Downtown Worcester office vacancy at 12%

Photo | TMS Aerial Solutions Downtown Worcester

A new report gives a rare picture into downtown Worcester's office market.

A dozen major office buildings with more than 1.5 million square feet of space between them have a vacancy rate of 12%, according to a study released Thursday by the Worcester Regional Research Bureau.

That puts the market behind Greater Boston's, which averaged 10.2% vacancy in the fourth quarter of 2019, but ahead of much of MetroWest, as reported in December by the Boston real estate firm Perry.

The rate in Boston proper is 6.9%, and it's 2.9% in Cambridge, with Kendall Square having just 0.7% of its space empty in one of the most in-demand technology office markets. Framingham and Natick combine for a 10.2% vacancy rate, according to Perry, while the Boroughs — Marlborough, Northborough, Southborough and Westborough — had 15.8% of their office space empty.

Downtown Worcester lease prices are more in line with the Boroughs and other areas along the I-495 belt, while not remotely approaching prices that landlords are able to receive in Boston or Cambridge or closer-by neighborhoods.

The 12 office buildings analyzed by the Worcester Regional Research Bureau had per-square-foot rates ranging from $20 to $27.50. The I-495 belt as a whole averaged $22.55, according to Perry, with the Boroughs averaging $19.06. For Framingham and Natick, the average was $32.09, while rates in Kendall Square were a stratospheric $111.46.

The Research Bureau highlighted that stark price difference and called it an opportunity for Worcester.

As the real estate market soars in Boston, small and medium-sized businesses are looking outside of the central Boston market for office spaces to accommodate their growth, the report said.

"Measuring the availability and attractiveness of office spaces in Worcester’s [central business district] will highlight what Worcester has to offer businesses looking to relocate or take their first steps, and where developers may want to focus their investments in efforts to continue bringing in new businesses.

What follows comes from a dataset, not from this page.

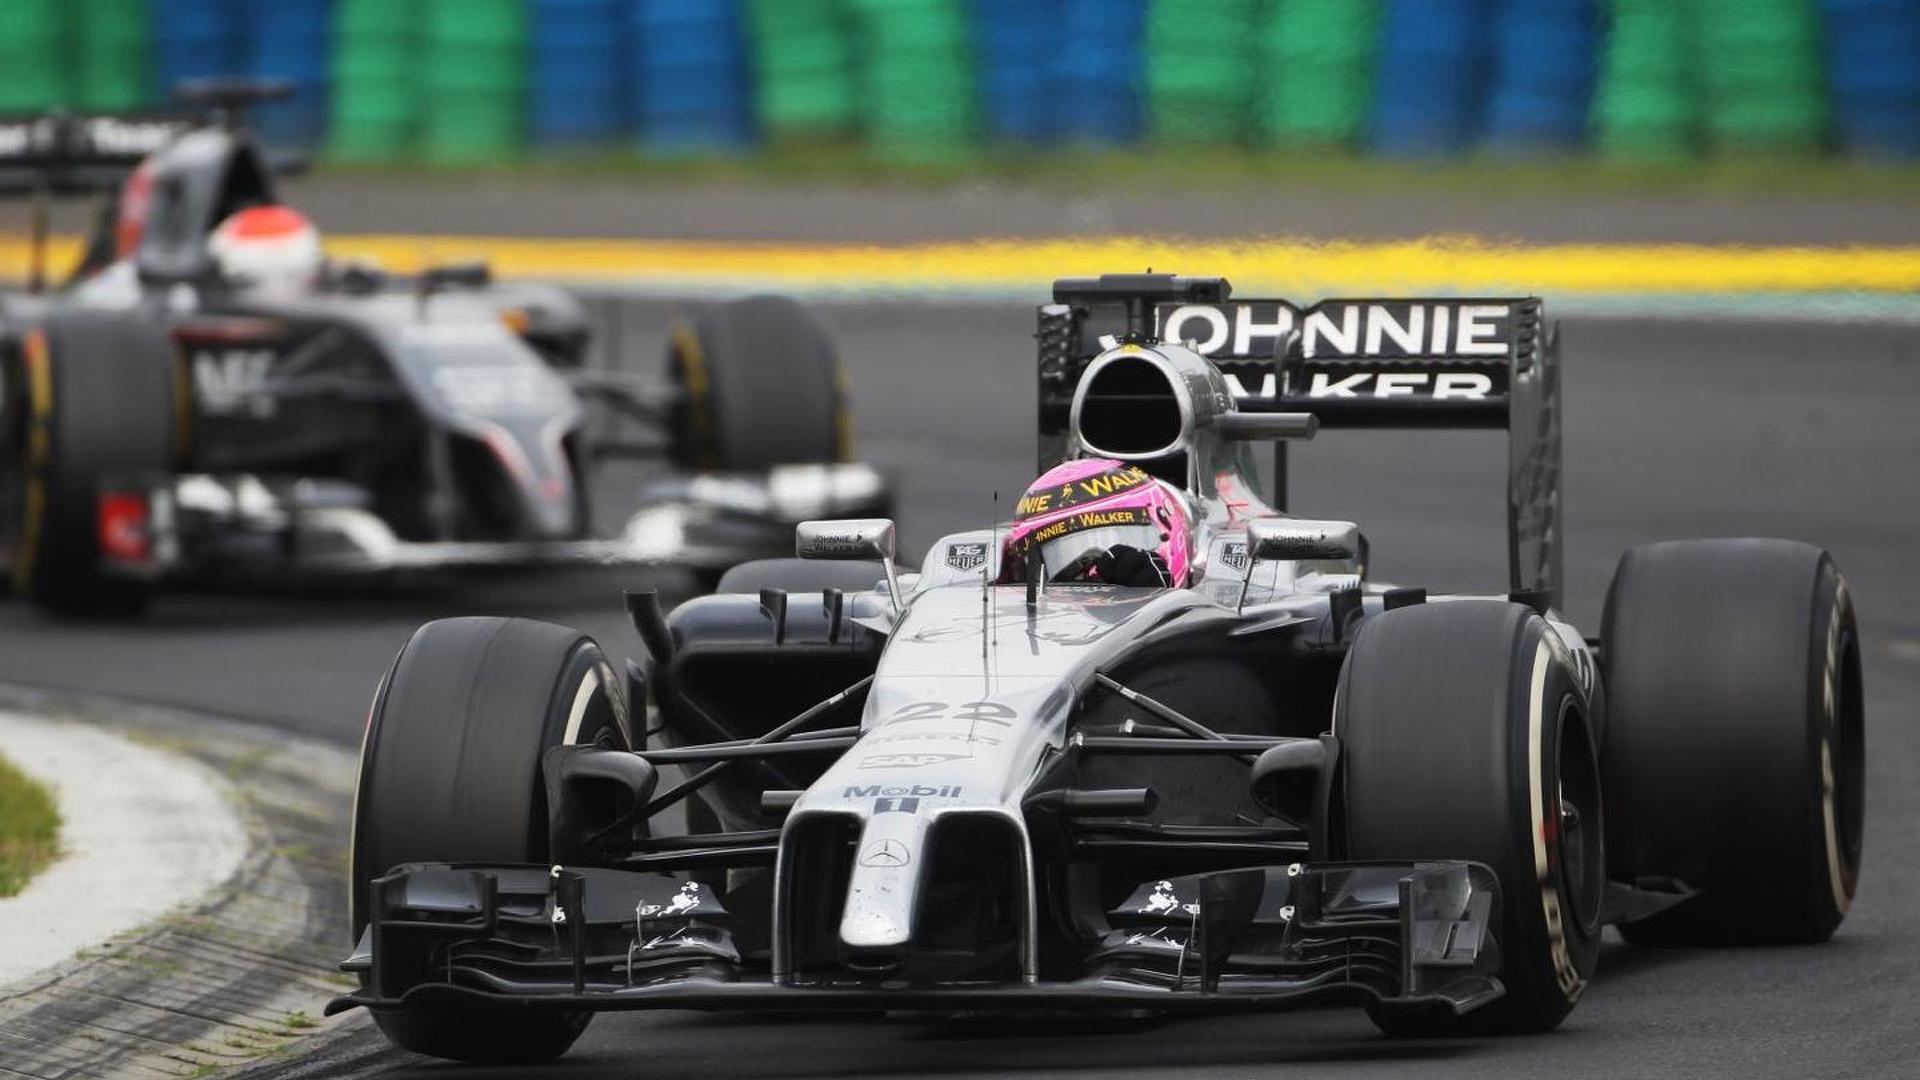 McLaren looking to 'refresh' driver lineup - Boullier

Worcester’s [central business district] has the opportunity to attract maturing companies in an evolving economy," the WRRB report said.

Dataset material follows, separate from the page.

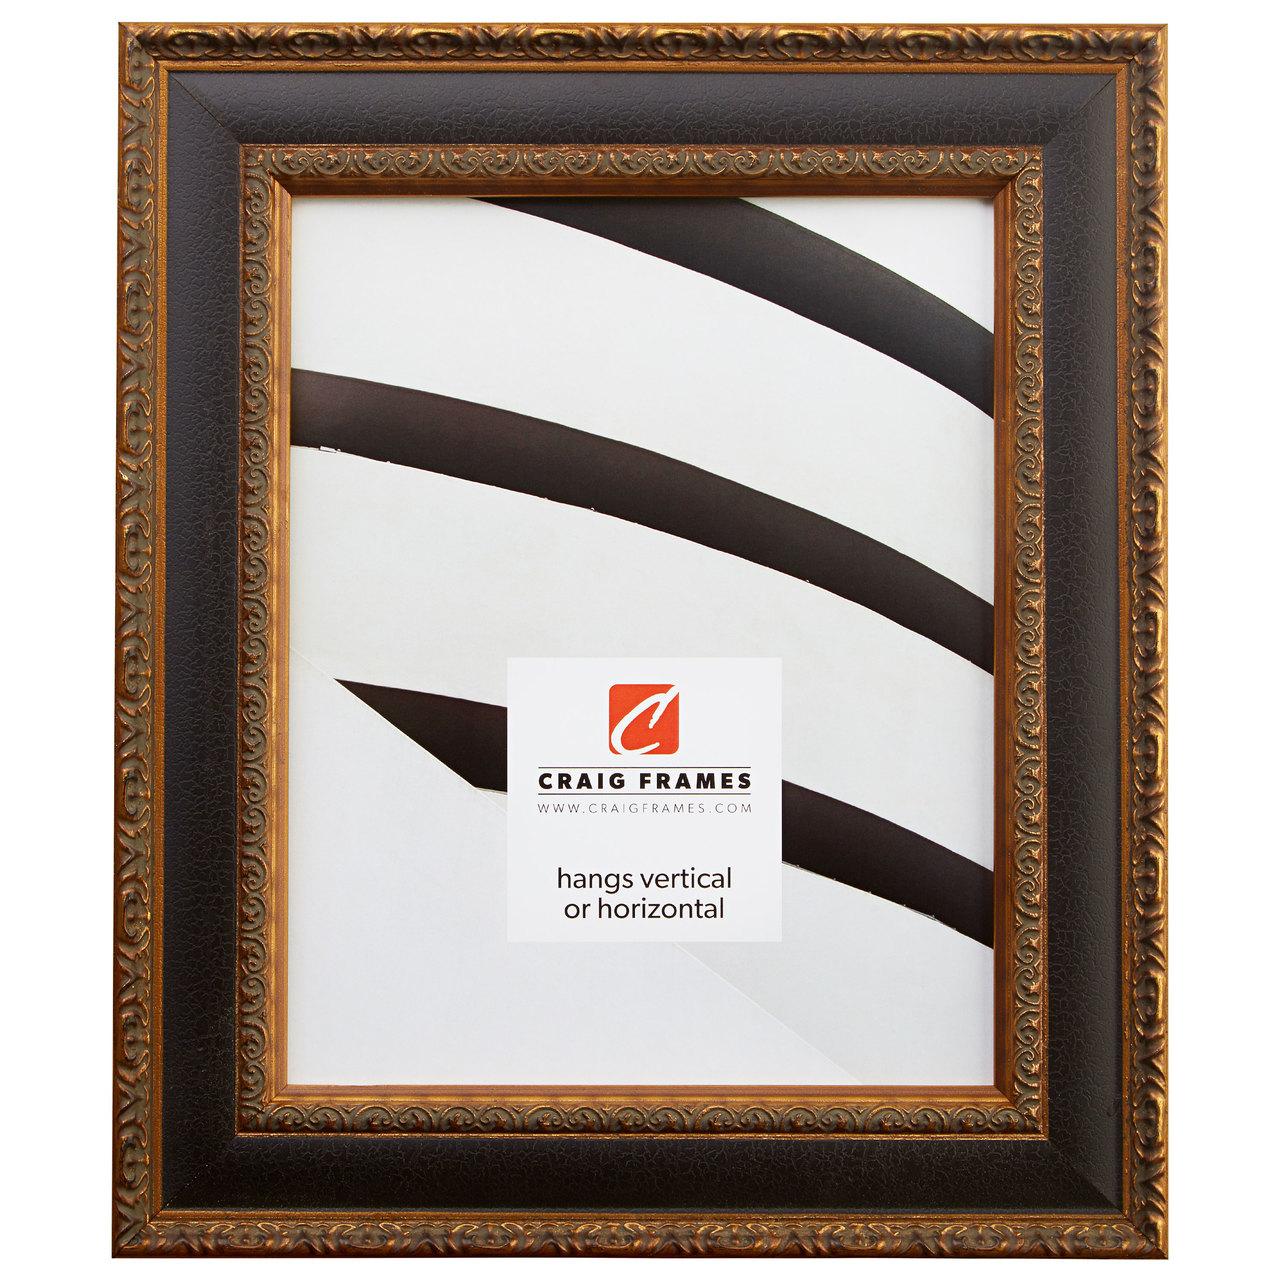 "Galerie 1.75"", Antique Black & Gold Picture Frame"

The last time the Research Bureau analyzed the downtown office market, in 2011, it looked at a far broader array of buildings, not just 12 of the largest, making comparisons difficult. For that report, Class A office space, the most highly sought, had a vacancy rate of 16%. Per-square-foot lease costs then for Class A space was $11.

Among those excluded from the latest report was an empty 300,000-square-foot building on Chestnut Street that last included Unum among its tenants. The building is larger than any sampled in the report but is not actively being marketed for use. Worcester's Krock family bought the building in 2018 for $1.9 million.

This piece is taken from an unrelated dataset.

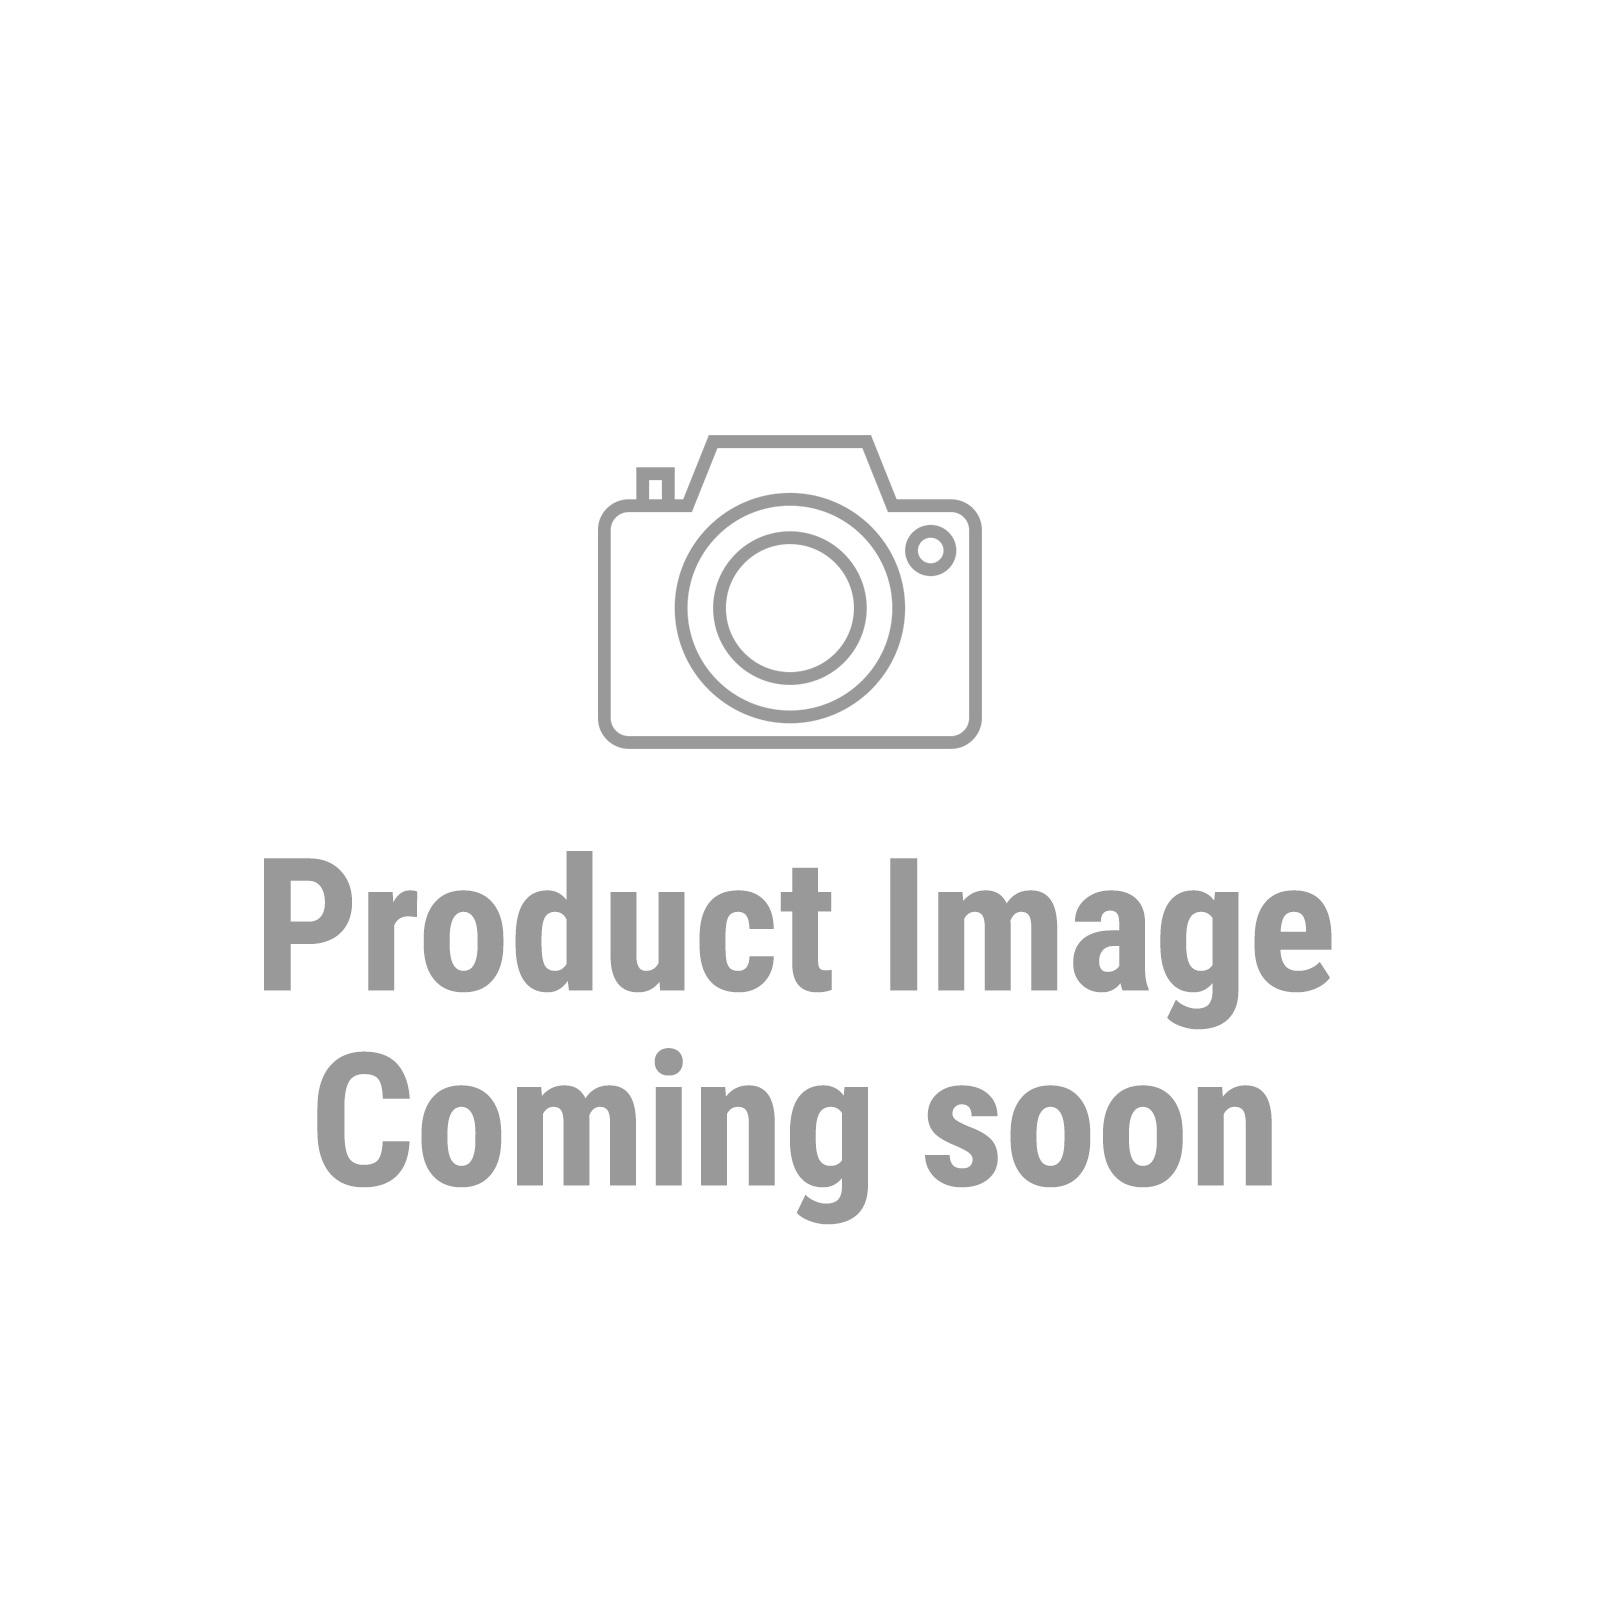 Truma Mover Smart M SET | 1800Kg | halbautomatisch | 13% | Trennschalter Sika

The highest lease rates in Worcester are being found at Worcester Plaza, the glass tower at 446 Main St. sold in October for $16.5 million. The price on the 24-story tower was well below its assessed value of $25.1 million, and roughly $59 per square foot.

The tower was bought by Synergy Investments, a Boston commercial real estate firm, which says it plans renovations to the building. The tower's vacancy rate was 14.1%.

Downtown's largest office building by square footage, 100 Front St., had a vacancy rate of 5.9%.